George M. Bridgeforth and Mark Nolden
A 66-year-old man presents with chronic back pain and pain in both thighs.
CLINICAL POINTS
- The presence of constitutional symptoms warrants evaluation.
- Metastatic disease should be suspected in any patient with severe low back pain, especially if he or she is older than 50 years of age.
- Middle-aged patients (especially males) who experience the sudden onset of lower extremity motor weakness without low back pain may be experiencing the initial onset of amyotrophic lateral sclerosis.
Clinical Presentation
The etiology of low back pain is probably multifactorial. Most people do not engage in regular exercise to strengthen their core abdominal muscles. As a result, excessive loads from obesity, improper lifting techniques, and fatigued muscles from poor core stability place increased strain on the disc and the surrounding neurological structures. Magnetic resonance imaging (MRI) studies in normal individuals without back pain have shown some evidence of degenerative disc disease in about one-third of patients. Therefore, evidence of mild disc protrusions without gross herniations (i.e., pressing on the nerves or the spinal cord) is not sufficient evidence for long-term disability. Routine radiographs for nonradiating low back pain usually are not required during the initial evaluation but should be considered if the patient does not improve by the end of 4 to 6 weeks. The mechanism of injury in degenerative disc disease is a non–trauma-related degenerative condition.

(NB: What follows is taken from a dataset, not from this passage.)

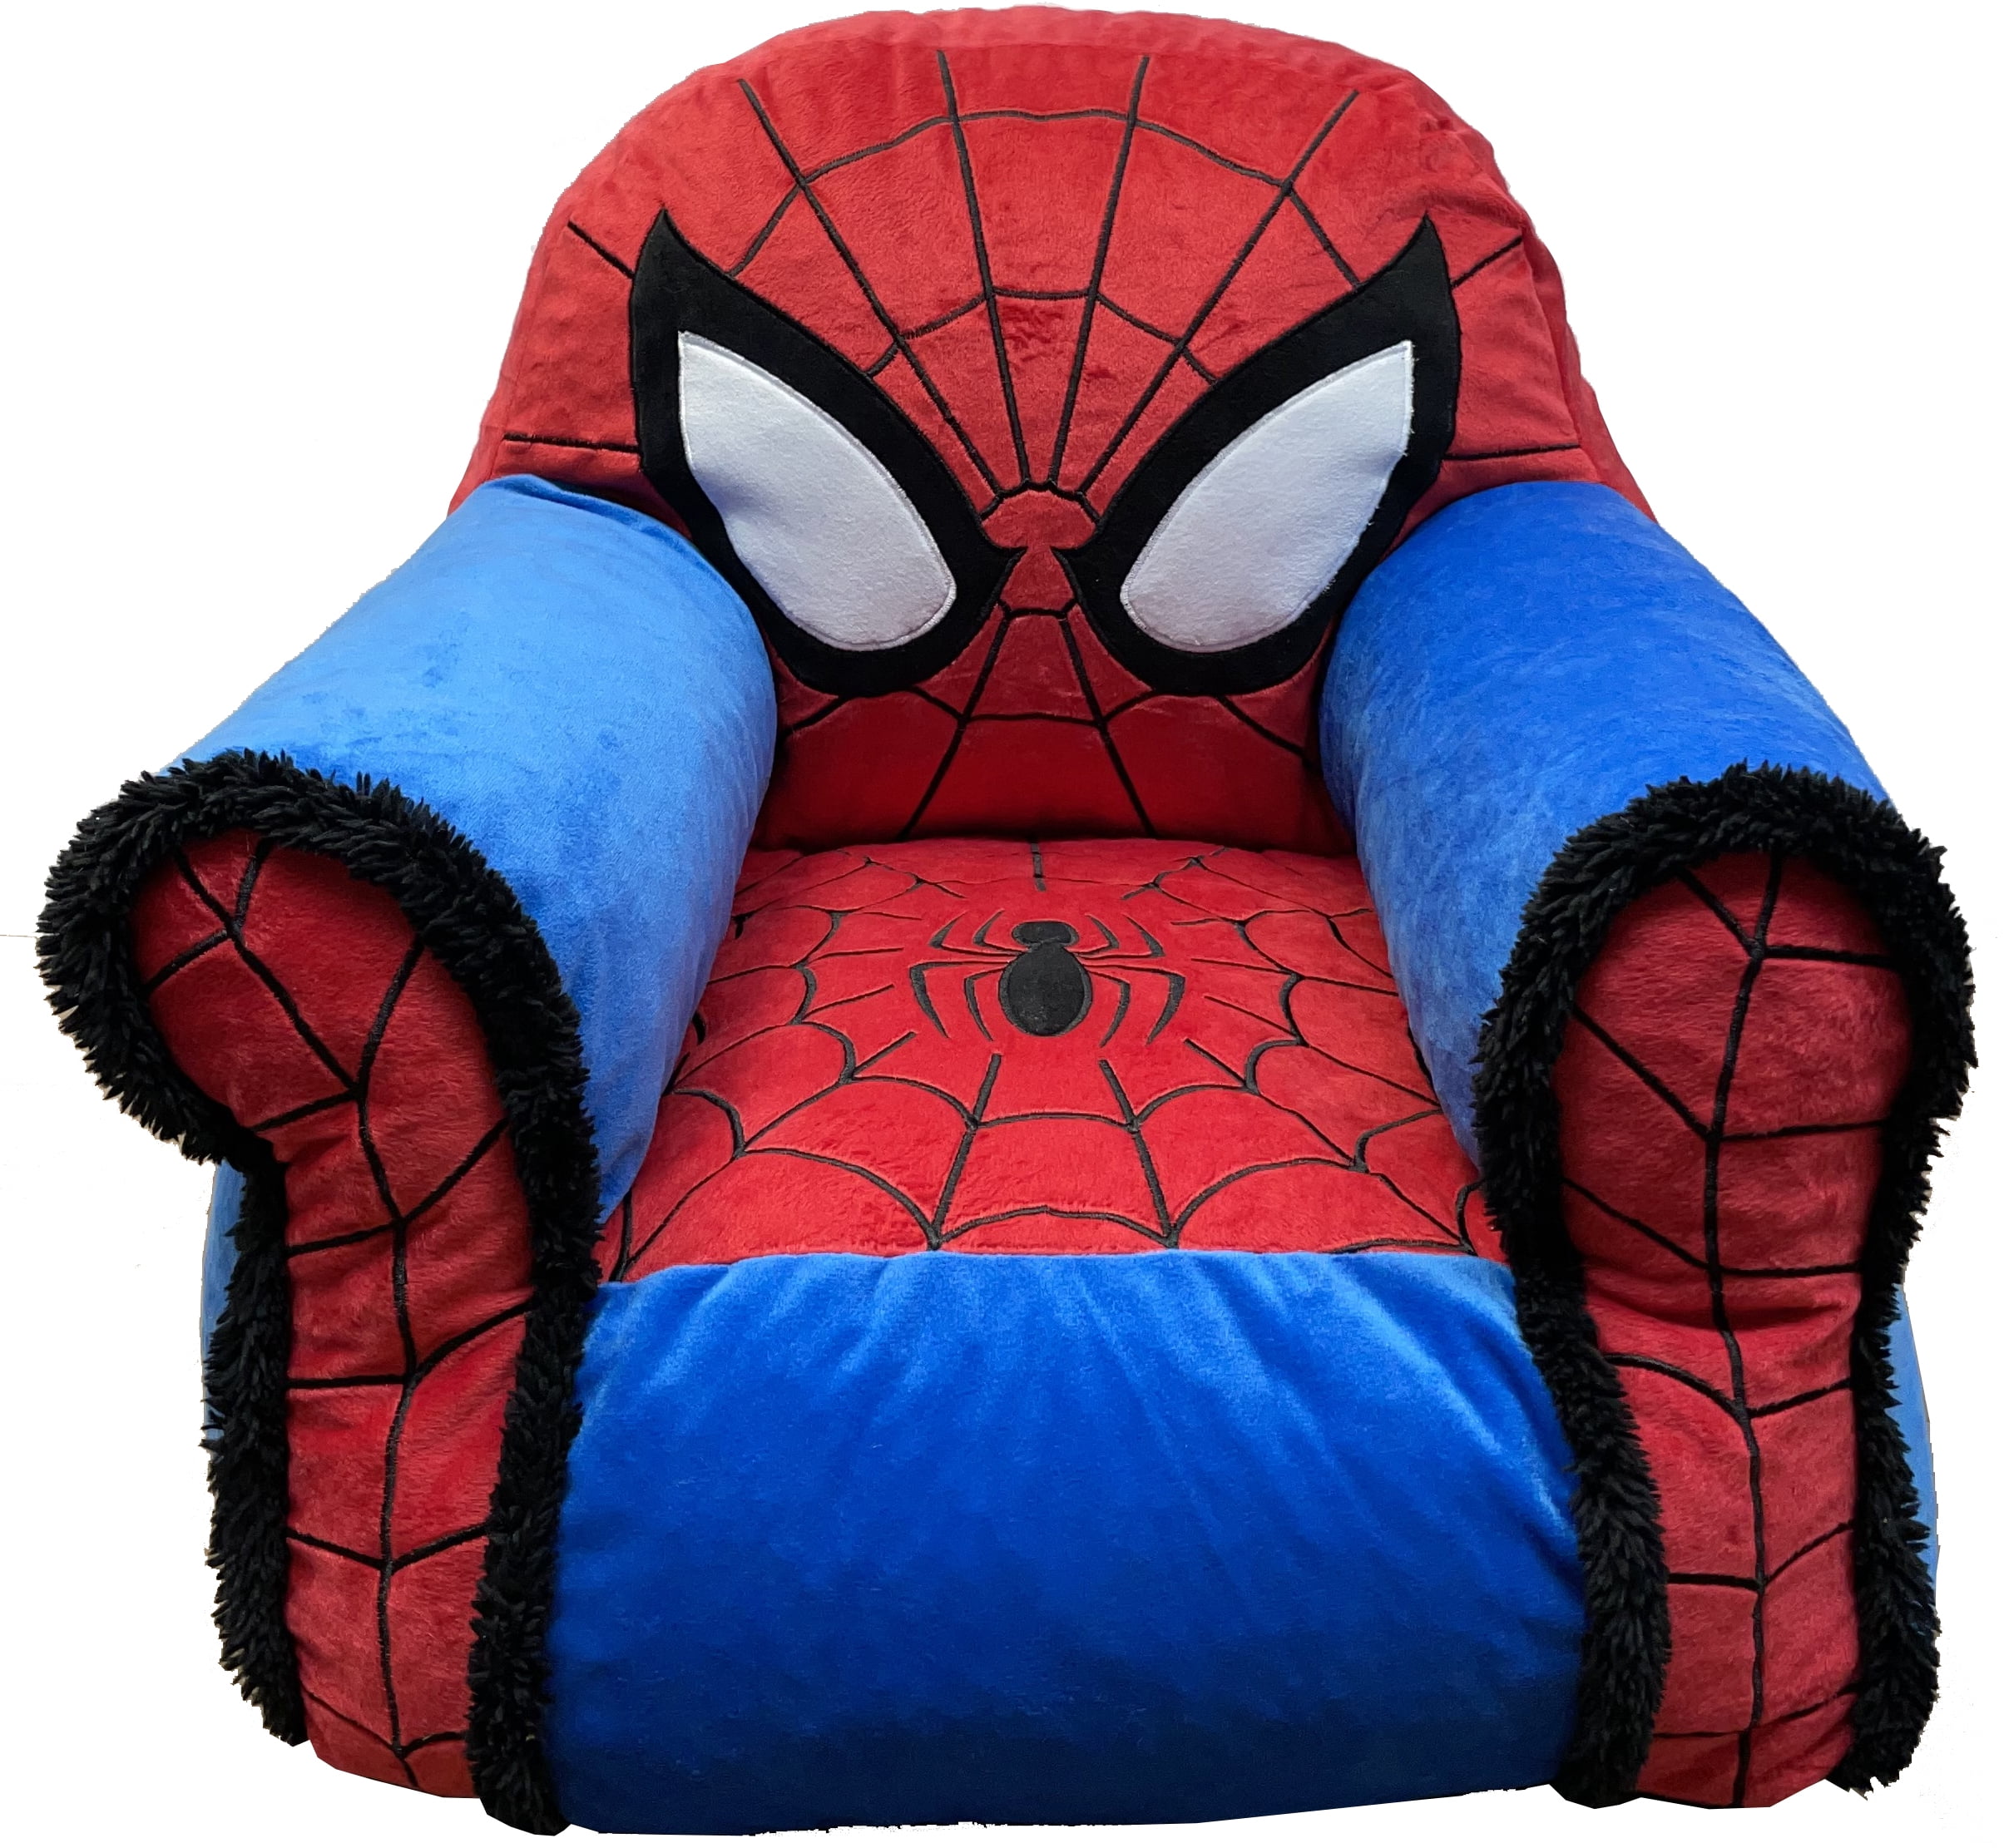 Marvel  ** GREAT GIFT ** Ultimate Spider-Man Inflatable Bean Bag Toss 
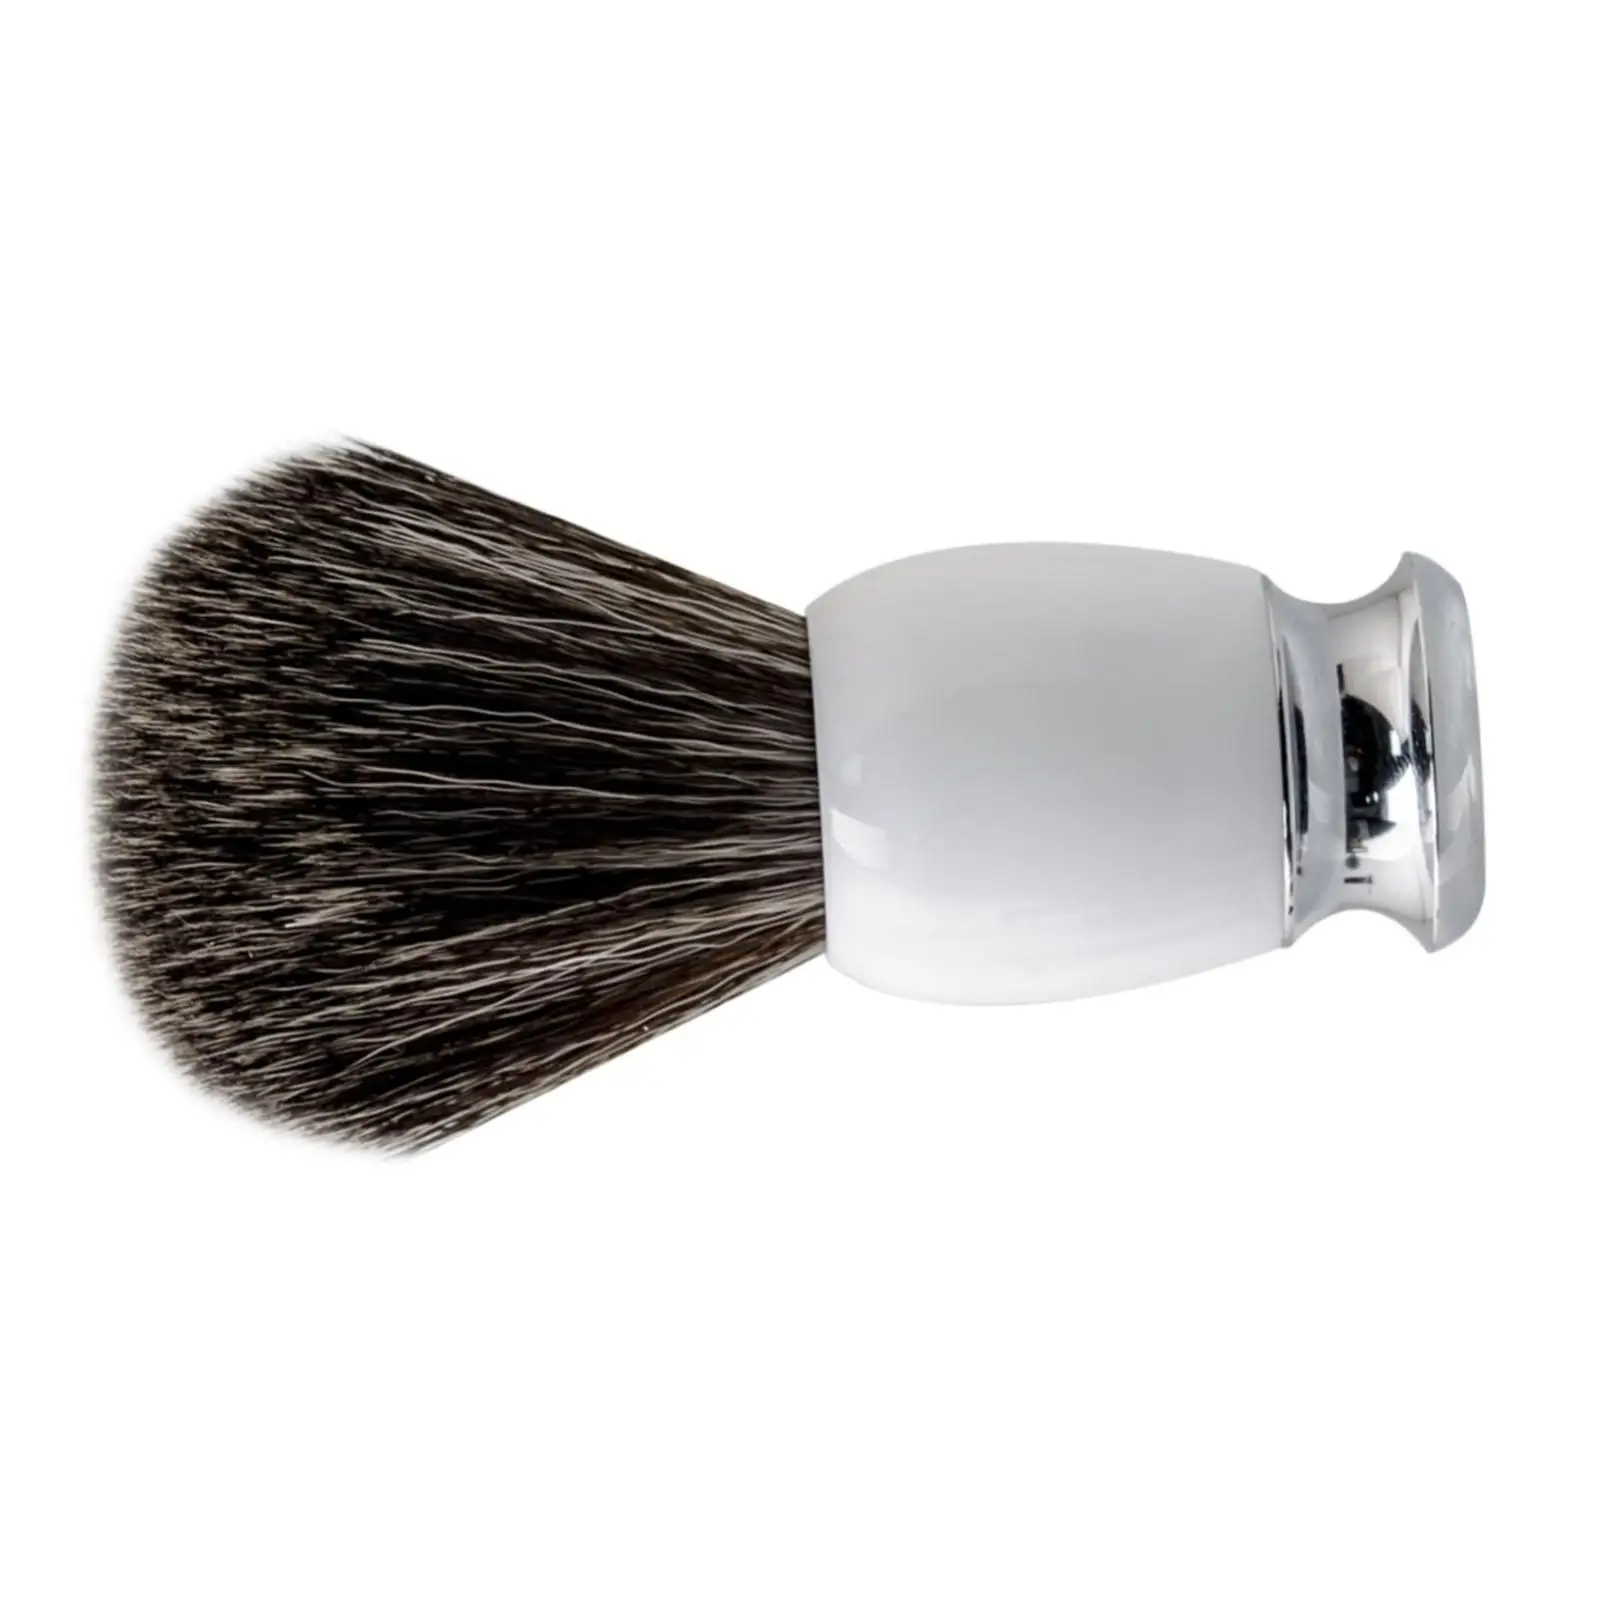 Shaving Brush Beard Brush Classic Hand Crafted Soap Brush Rich Lather for Dad Boyfriend Barber Shave Brush Facial Beard Cleaning

Metastatic disease should be suspected in any patient presenting with severe low back pain who is older than 50 years of age (but certainly it has been reported in younger individuals as well—age is not an excluding factor). Constitutional symptoms such as generalized weakness and weight loss, a positive personal history of a preexisting cancer, a family history of cancer, a strong smoking history with pulmonary abnormalities, an undiagnosed breast mass, or new-onset hematuria are indications for an initial radiographic evaluation and further workup (MRI or computed tomography [CT] scan). In addition, the acute onset of radicular findings (numbness, weakness of the lower extremities with a positive straight leg raising [pain that radiates down the leg past the knee with straight leg elevation]) also indicates that additional workup is necessary.
During the history, the examiner should inquire about the severity of the pain, its precipitating and palliative factors, and onset, duration and timing. It is important to inquire whether the pain is radiating or nonradiating. Radicular pain from disc herniations is usually unilateral. Pain that radiates to the groin may be secondary to an L3 radiculopathy or degenerative hip disease. L4 radiculopathies radiate to the skin or the ankle. L5 radiculopathies radiate to the great toe, and S1 radiculopathies radiate to the outside of the foot. In addition, it is important to inquire about motor weakness, especially a foot drop. Ninety percent of radiculopathies affect the L5 or S1 nerve roots (Hoppenfeld, 1976).
PATIENT ASSESSMENT
- Low back pain or stiffness
- Limited range of motion
- Possible neurological impairment
- Radicular findings with a disc herniation (positive straight leg raising, motor weakness, sensory loss, diminished absent reflexes)
- Cauda equina injury (rare)
Patients with increasingly severe low back pain, radicular pathology, acute foot drop, or incontinence should be evaluated promptly by a specialist. The new onset or a foot drop or a cauda equina syndrome (motor weakness of the lower extremities, sensory impairment of the lower extremities, and bowel or bladder incontinence) constitutes a medical emergency and warrants an immediate referral. Cauda equina injuries are rare.
Radiographic Evaluation
It may not be necessary to order radiographs on initial assessment of nontraumatic cases of low back pain. However, radiographs are recommended for any serious injuries secondary to acute trauma. In addition, radiographs may be considered in patients with severe low back pain who are older than 50 years of age, in patients with metastatic cancer, or in patients whose status deteriorates secondary to low back pain. Tests to order include standard radiographs of the spine—anteroposterior (Fig. 1.1A), lateral (Fig. 1.1B), and oblique views (two; Fig. 1.1C, D). MRI (or CT) may be used in patients with suspected metastatic disease, new-onset radicular symptoms (numbness, weakness, foot drop, diminished or absent reflexes), or focal neurological symptoms.